Germany shuts down controversial stem cell clinic


#1
German authorities have closed down a controversial clinic offering unproven stem cell treatments following the death of a baby who was given an injection in the brain.

You can read the full news story in the link below:
http://www.parkinsons.org.uk/about_us/news/news_items/all_news/stem_cell_clinic_shut_down.aspx

The XCell clinic had been treating a variety of conditions including Parkinson’s, Alzheimer's and multiple sclerosis. But there is no scientific proof that the treatments actually work.

The authorities are investigating the death and the case of another child, who is understood to be more severely disabled than when first treated at the clinic.

Exploiting a legal loophole
The XCell clinic had been operating under a loophole in the European regulations. This allowed some treatments already in use when the new regulations took effect to continue for 18 months without formal approval.

A European Union regulation passed in 2007 now defines stem cell transplantation as a medicine. This means that before stem cell procedures can be licensed for use by the general public, they must undergo the same kind of rigorous trials as those used for other medicines.

Stem cells in Parkinson’s are still experimental. There is currently no proven stem cell therapy available for Parkinson’s anywhere in the world.

Stem cell treatments, like the ones offered by the XCell clinic, are banned in the UK unless they are part of a clinical trial because there is no scientific proof that they work.

Research into stem cells
Researchers have made considerable advances in stem cells and scientific studies are producing promising results. But a lot of work still needs to be done to develop a safe and effective stem cell treatment for people with Parkinson’s.

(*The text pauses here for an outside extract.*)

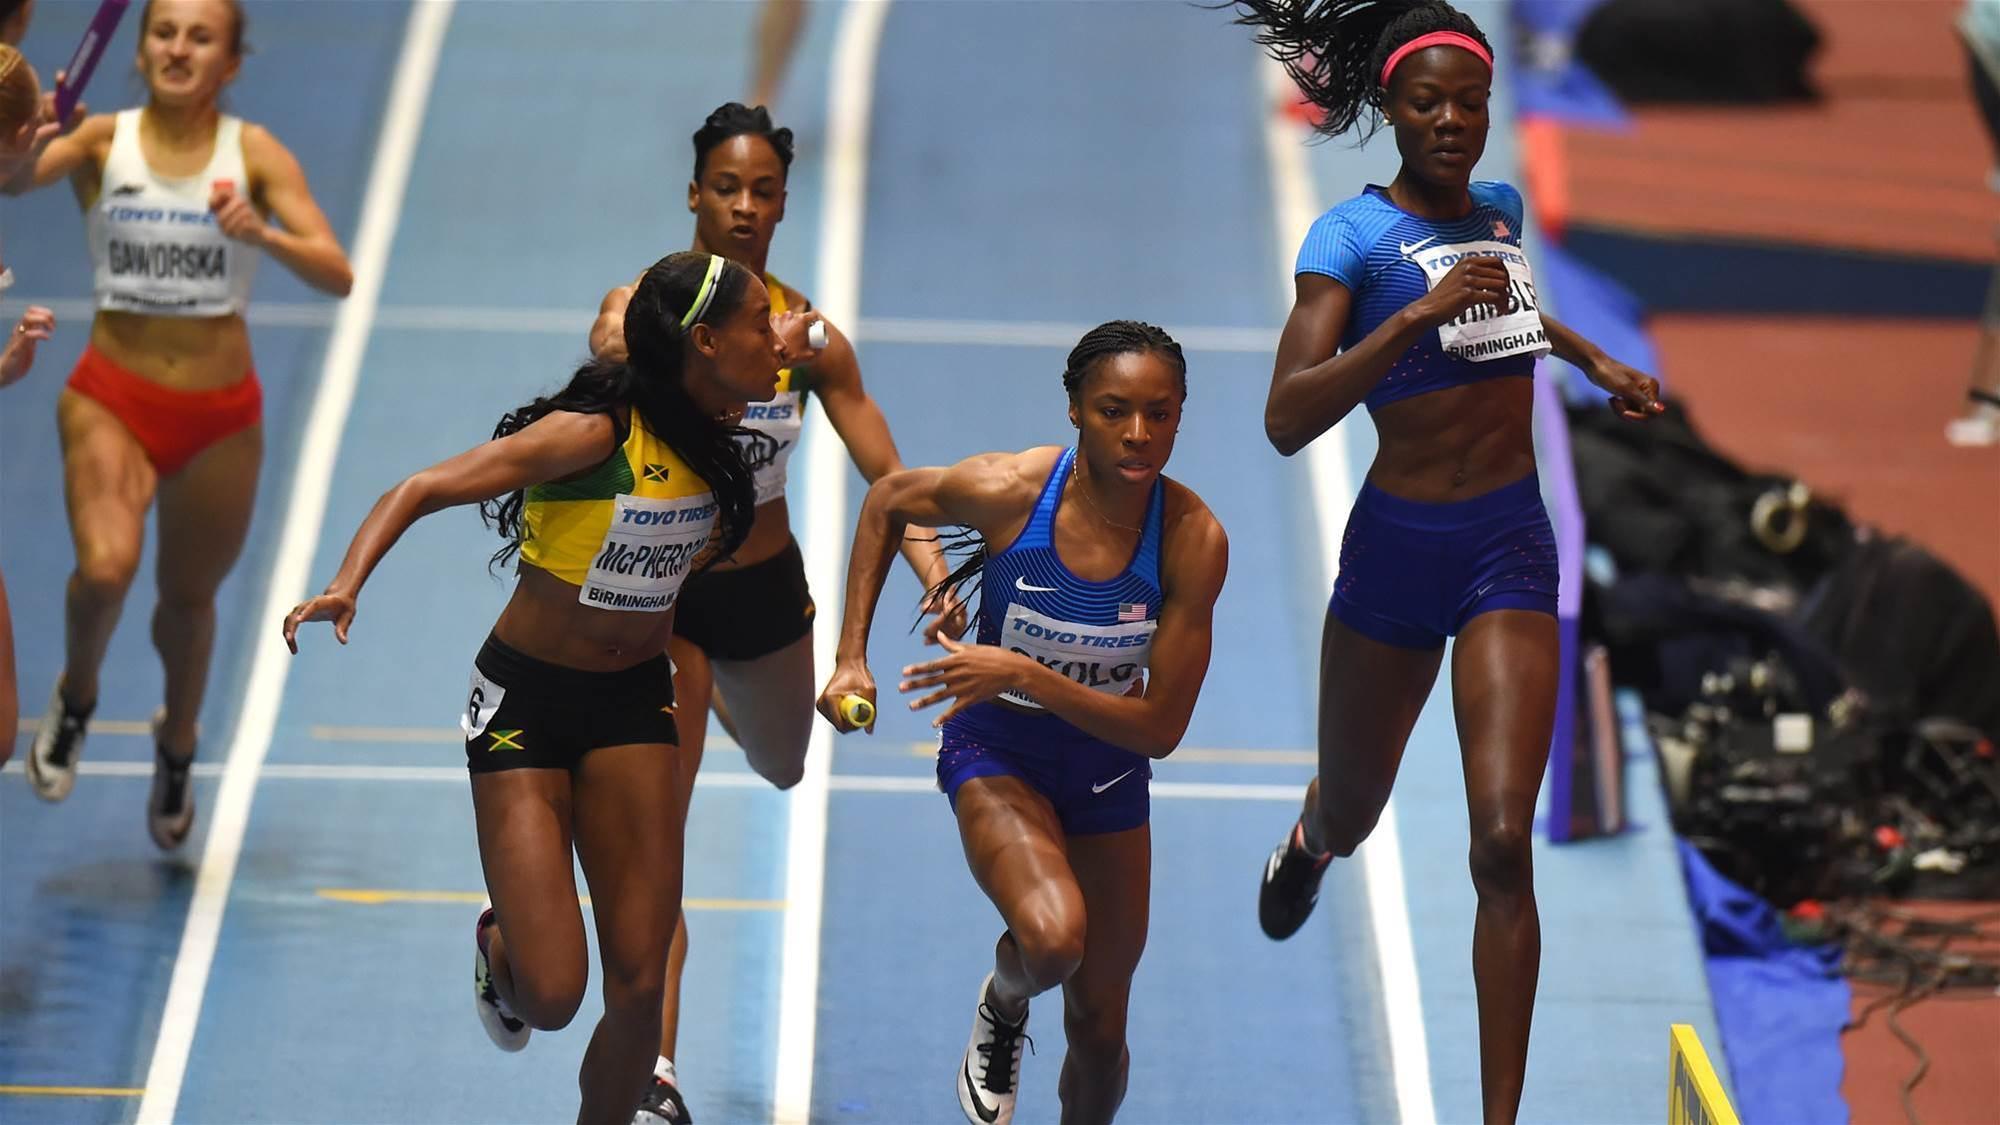 OPINION: IOC & IAAF ruling harming women in sport

The link below shows current Parkinson’s UK funded stem cell projects:
http://www.parkinsons.org.uk/research/current_research/current_stem_cell_research.aspx

Take part in our Q&A on stem cell research
If you have a question about research into stem cells, you can take part in our upcoming question and answer session.
http://www.parkinsons.org.uk/questions

Dr. Rosemary Fricker-Gates, a Senior Lecturer in Biomedical Sciences at Keele University, will be answering questions about stem cell research.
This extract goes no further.